Mortgage rates dropped this week, with the average rate on the benchmark 30-year fixed mortgage rate sliding to 4.11%, according to Bankrate.com’s weekly national survey. The average 30-year fixed mortgage has an average of 0.40 discount and origination points.
The average 15-year fixed mortgage rate fell to 3.32% and the jumbo 30-year fixed mortgage fell to 4.63%. Adjustable mortgage rates were also down, with the average 5-year ARM slipping to 3.03% and the 10-year rate moving to 3.55%.
Mortgage rates dropped sharply, spurred by a disappointing report on job growth for the month of March.
News that the U.S. economy added just 120,000 jobs renewed fears that the economic recovery may not be sustained. Add to that the ongoing European debt issues and forecasts for slower growth in corporate earnings, and you have the recipe for lower mortgage rates.
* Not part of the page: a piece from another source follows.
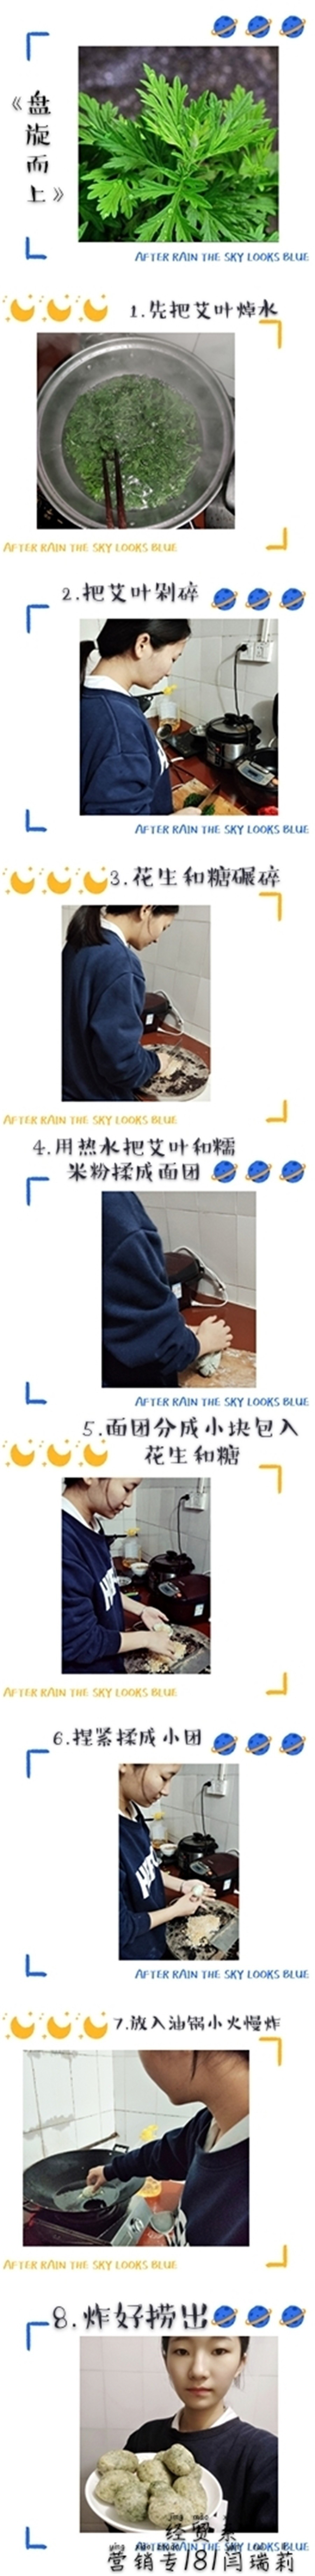 传统文化秀一等奖作品 营专181班 闫瑞莉 青团制作.jpg

Mortgage rates are closely related to yields on long-term government bonds.
The last time mortgage rates were above 6% was Nov. 2008. At the time, the average 30-year fixed rate was 6.33%, meaning a $200,000 loan would have carried a monthly payment of $1,241.86. With the average rate now 4.11%, the monthly payment for the same size loan would be $967.56, a difference of $247 per month for anyone refinancing now.